Input data:
====

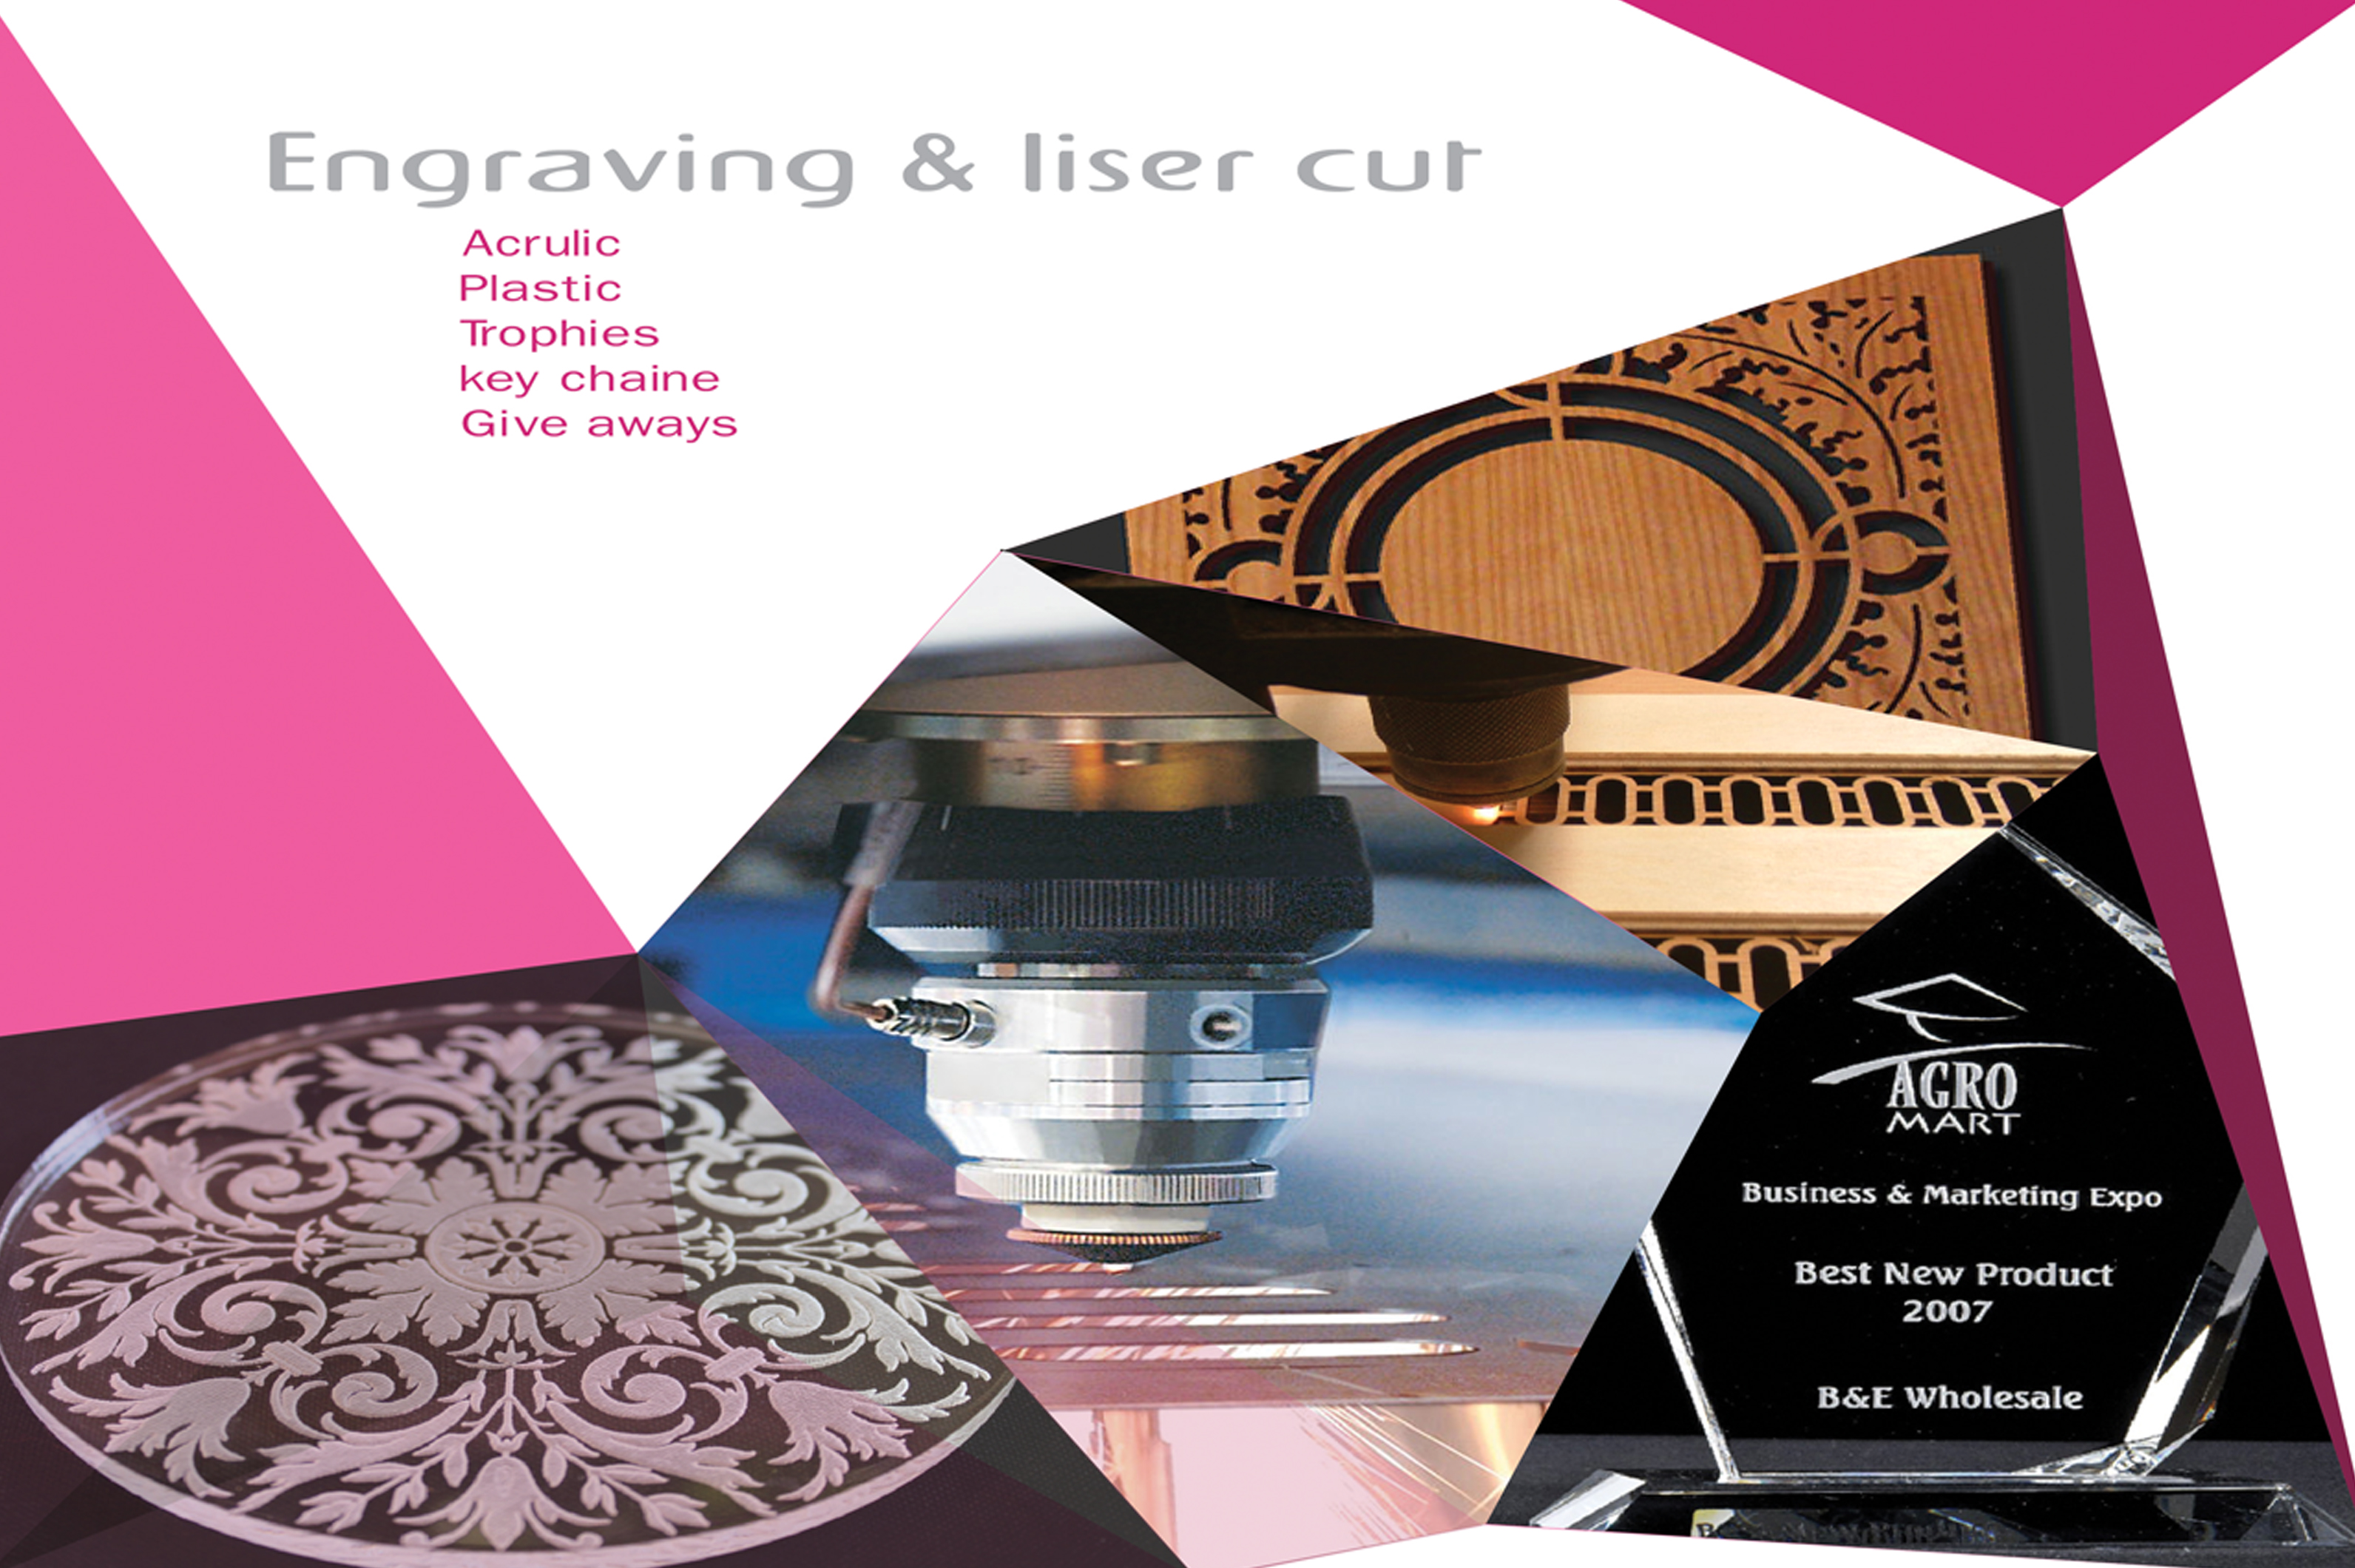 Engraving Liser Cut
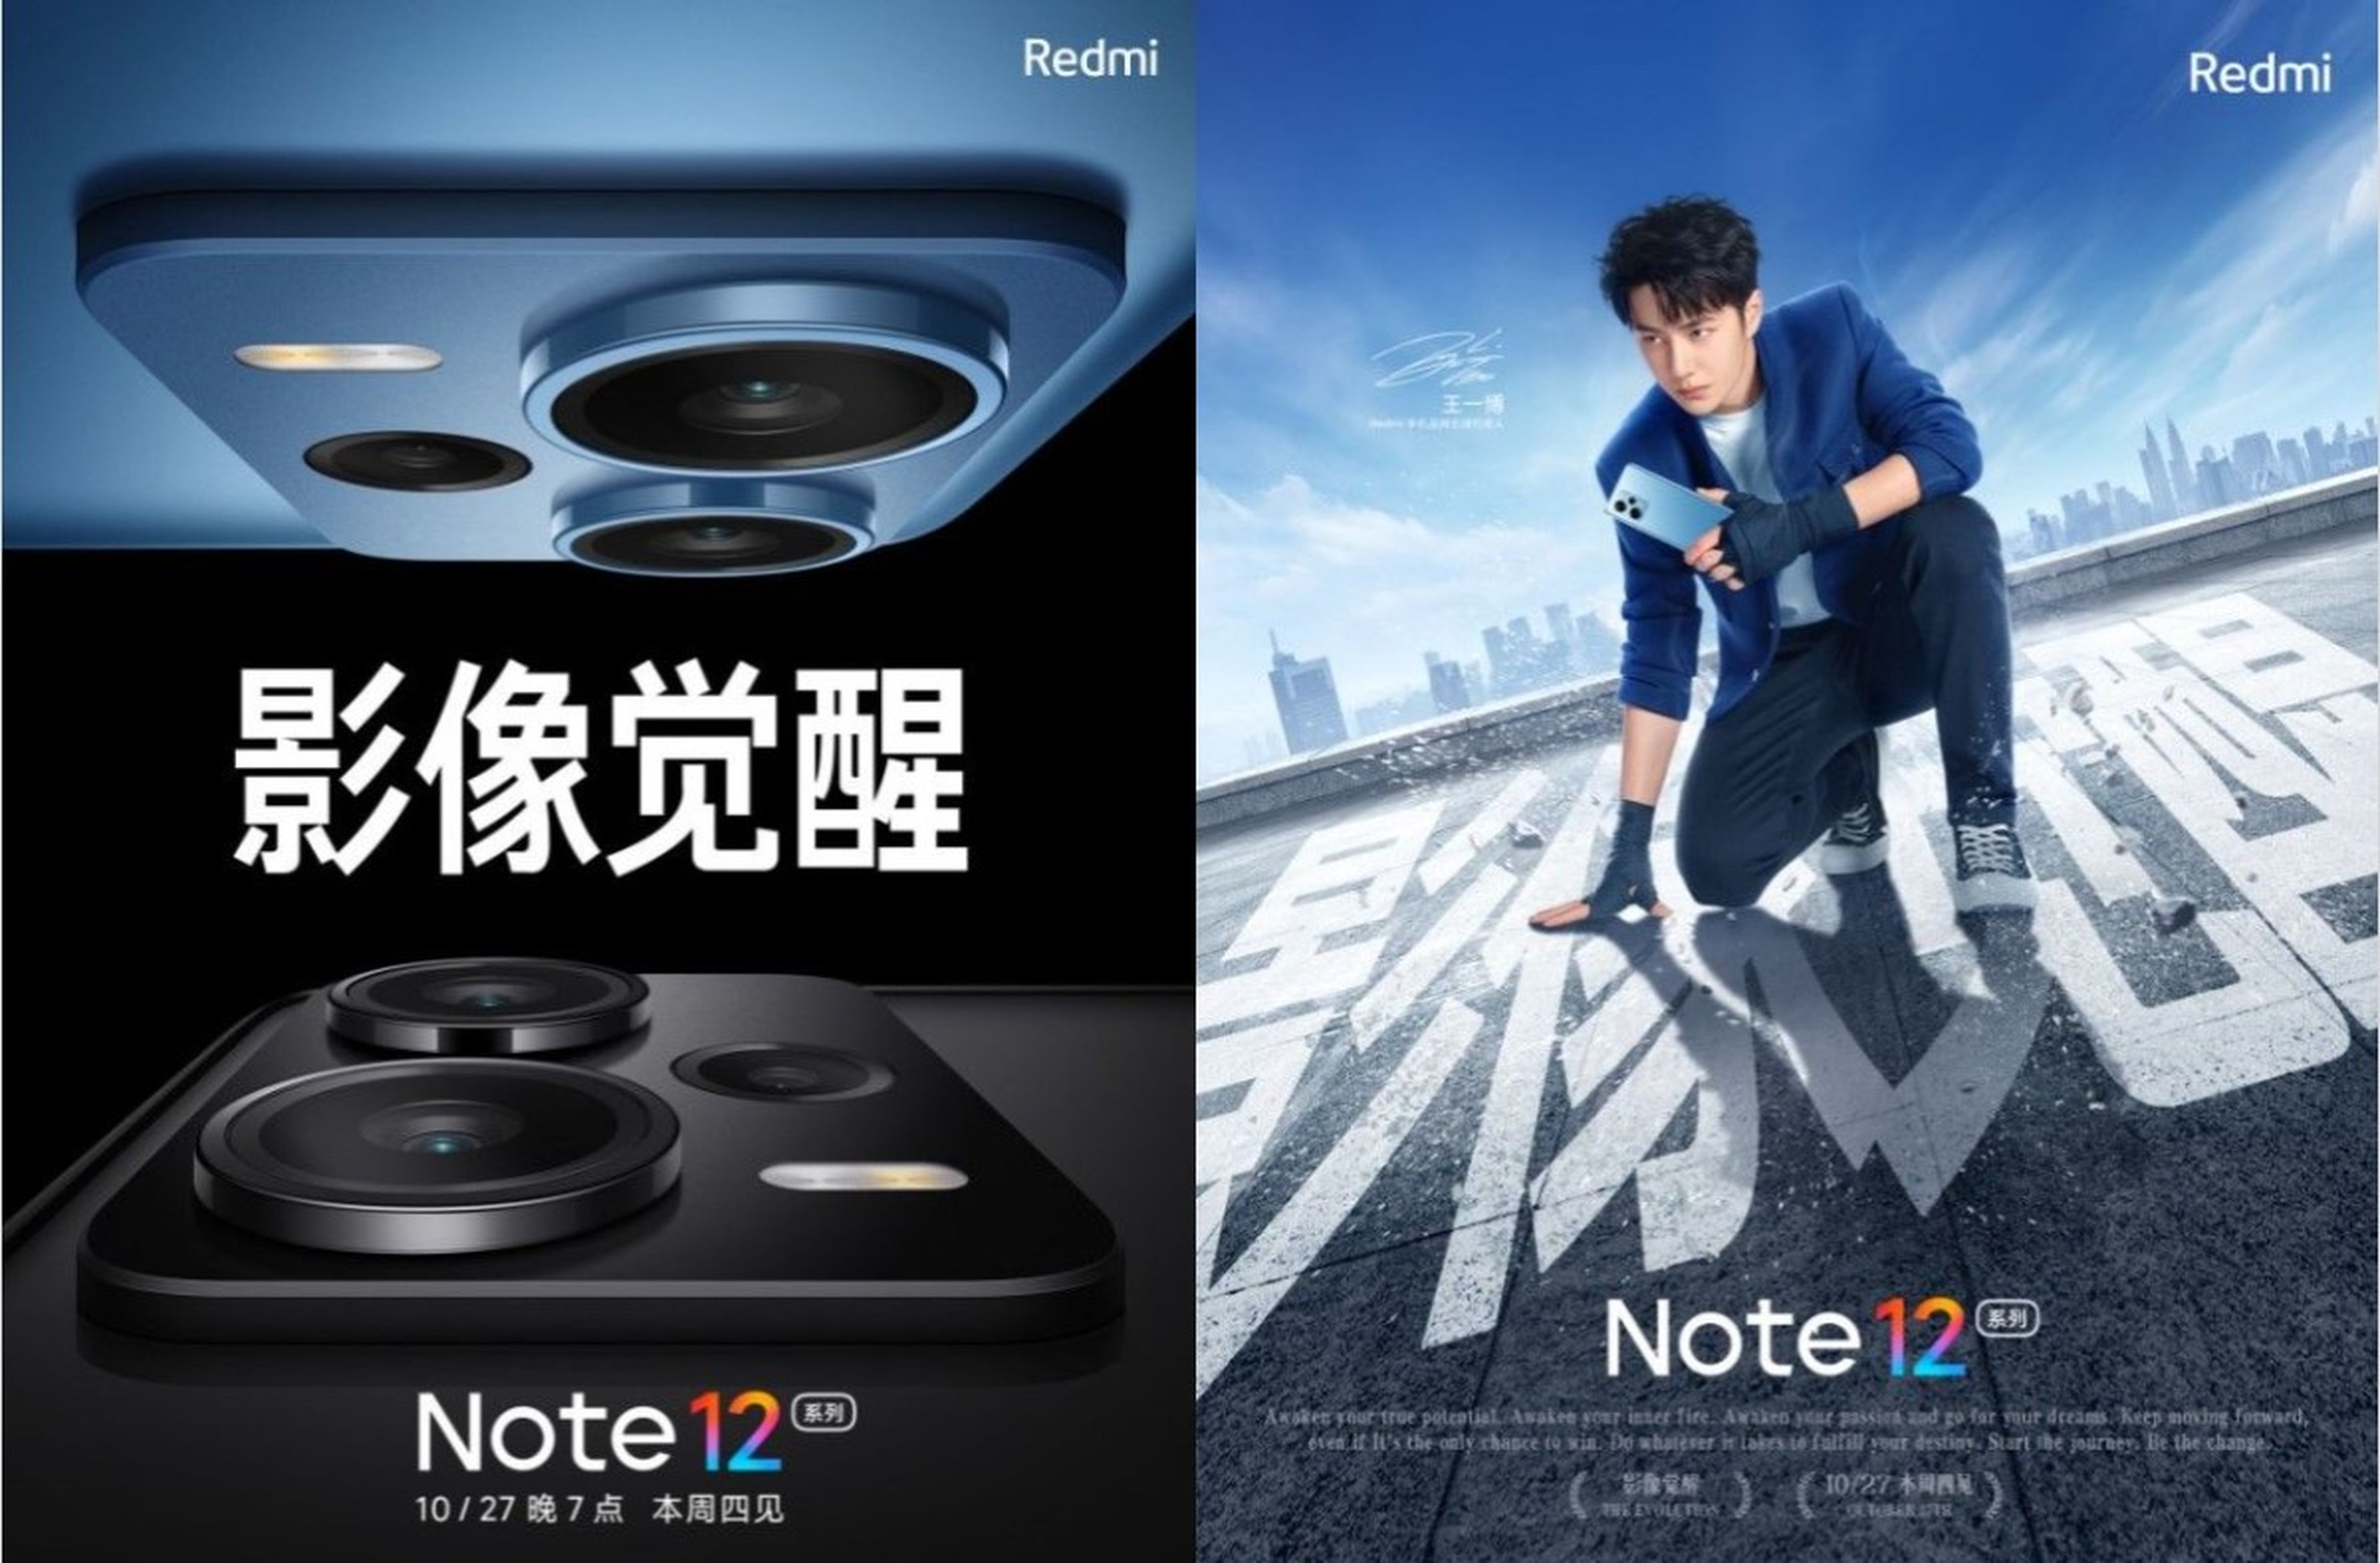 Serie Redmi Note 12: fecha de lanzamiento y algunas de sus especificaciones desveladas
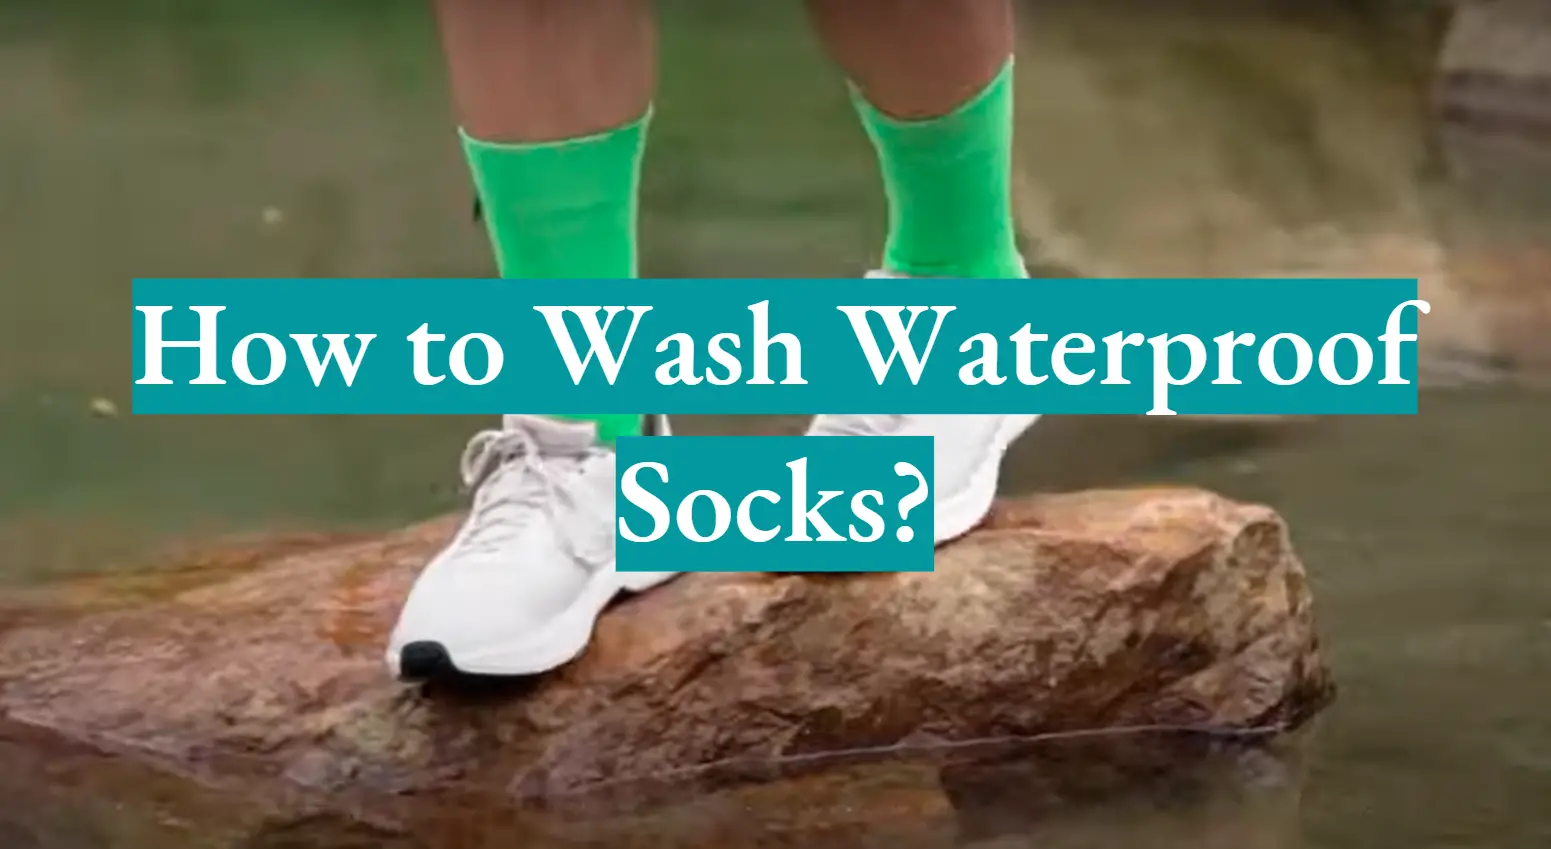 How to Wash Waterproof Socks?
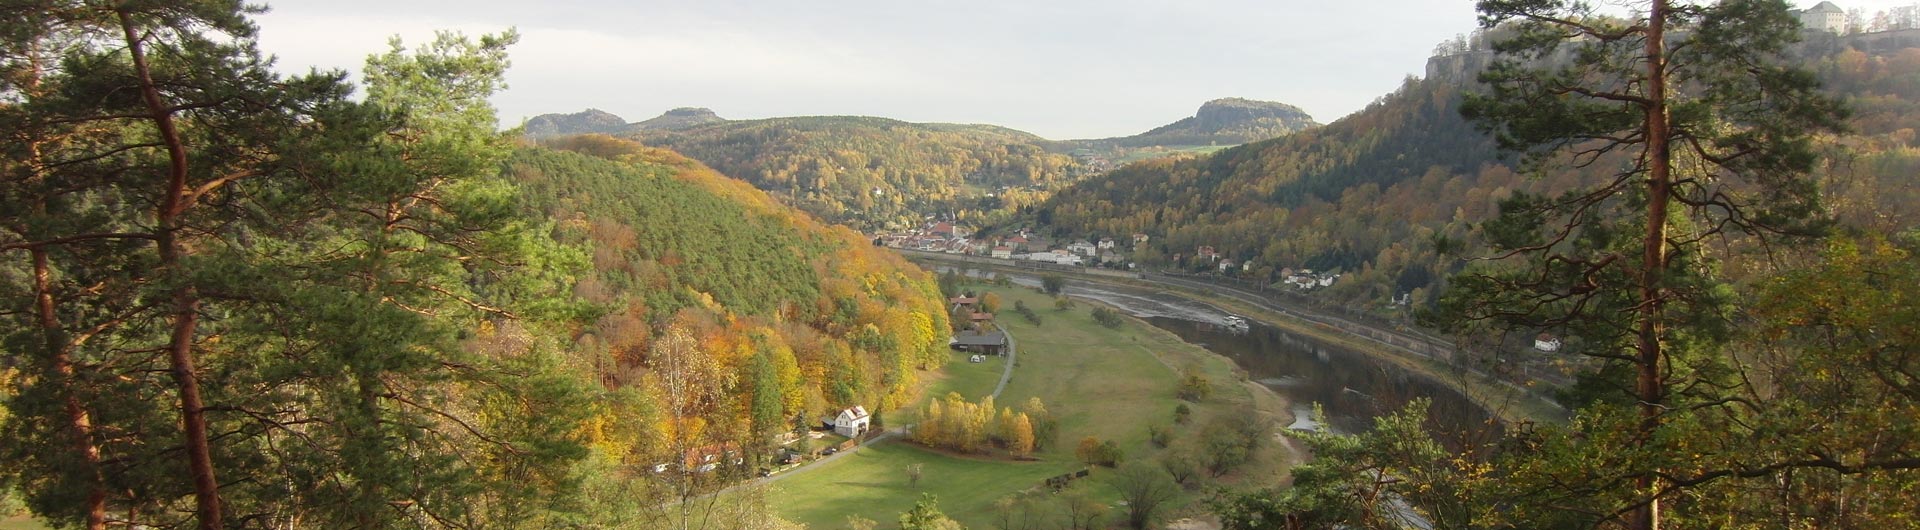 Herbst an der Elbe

====

The problem:
Print the data again word for word, pictures excluded.

Solution:
 Engraving Liser Cut
 Serie Redmi Note 12: fecha de lanzamiento y algunas de sus especificaciones desveladas
 How to Wash Waterproof Socks?
 Herbst an der Elbe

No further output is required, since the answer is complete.